Rob, There is much literature and science behind homeopathy. The problem is science has not caught up to energetic medicine nor does the medical industry understand healing. Right now, the protocol, is conquer and control everything thing the body does that looks like a “symptom” . this suppresses the immune system yet stops for now the “Symptom” only to see it rear it head later or for the person to now have a low vitality and chronic disease. Homeopathy works but sometimes needs individualization because everyone is different, hence the problem that though there may be epidemic remedies that generally cover many , there is a need to understand the different manifestations of disease in different people. It is a complicated issue in a world that wants instant gratification, a world where FEVER is seen and bad and suppressed instead of encouraged in moderation to rid the energy of the disease. I suggest diving into the science of homeopathy or better yet, next time you want to try and get healthier , find an experienced trained homeopath and see for yourself.
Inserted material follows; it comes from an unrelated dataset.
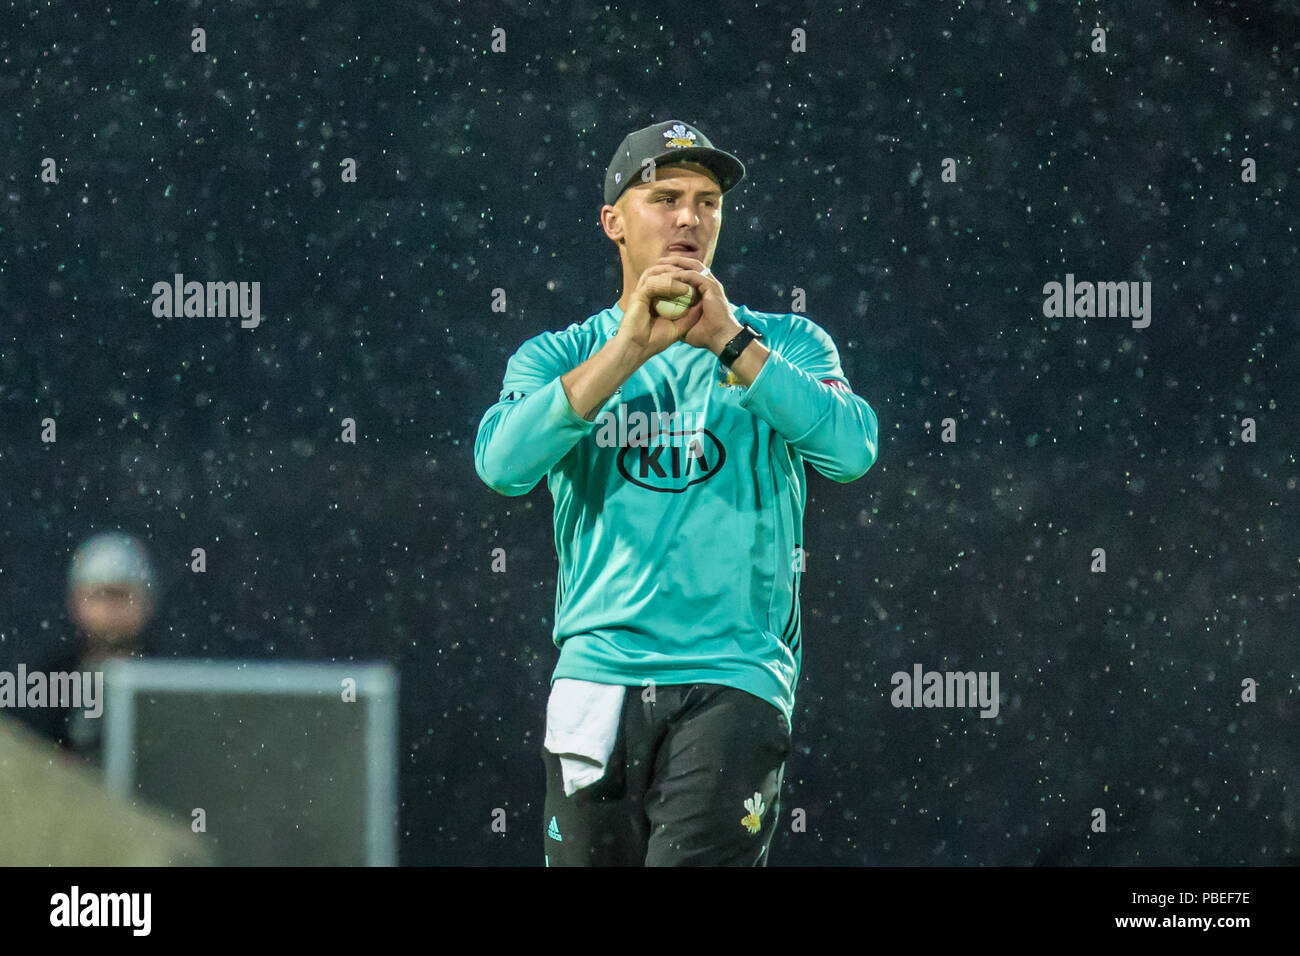 London, UK. 27 July, 2018. Jason Roy takes a great catch on the boundary to get rid of  Roelof van der Merwe off the bowling of Mathew Pillans in the rain  fielding for Surrey against  Somerset in the Vitality T20 Blast match at the Kia Oval. David Rowe/Alamy Live News Stock Photo

Research is now being driven by shareholder preferences which means working on areas than insure quick sure profits. There is a lot of time and money involved in developing new antibiotics and vaccines and then where is the business model if you have cured something? SEE: The “Money Culture” in Academic Biomedical Research, A drive for revenue is damaging basic science, Opinion, Rubenson D, The Scientist.com 19-03-29: https://www.the-scientist.com/news-opinion/opinion–the-money-culture-in-academic-biomedical-research-65678
This for profit money drive takes medical research away from cure to ‘a drug for every symptom’. In Canada, relative to Lyme disease and tick-borne diseases [TBD’s], the private Association of Medical Microbiology and Infectious Disease of Canada [AMMI], is an extension of the ‘do not cure’ medical money machine. They offer opinion and poorly designed research to support the ‘do not treat the disease, drug the symptoms’ highly profitable model and, their influence is entrenched at every level of medical leadership in Canadian university medical schools and within the Public Health Agency of Canada. Canada is a dangerous place for the chronically ill despite the image they sell to the world. Canada prefers to ‘Farm sickness to Pharm sickness’ at the beckoning of AMMI’s partners… the private Infectious Disease Society of America and the non-transparent highly profit motivated United States Center for Disease Control, both of which are a huge part of the global medical for profit money machine.
Here’s another example of the distorted sense of priorities when we leave drug development to private companies. One of the older medicines for treating African sleeping sickness is eflornithine but its production was discontinued when it failed to show any usefulness as a treatment for cancer. (There wasn’t any money to be made selling it for sleeping sickness.) Then it was discovered that it was very effective as a depilatory agent (for the removal of unwanted facial hair in women). That made it commercially successful and manufacturing started up again and there was a side deal to make it available for sleeping sickness. For drug companies removing unwanted facial hair is more important than treating a potentially fatal disease.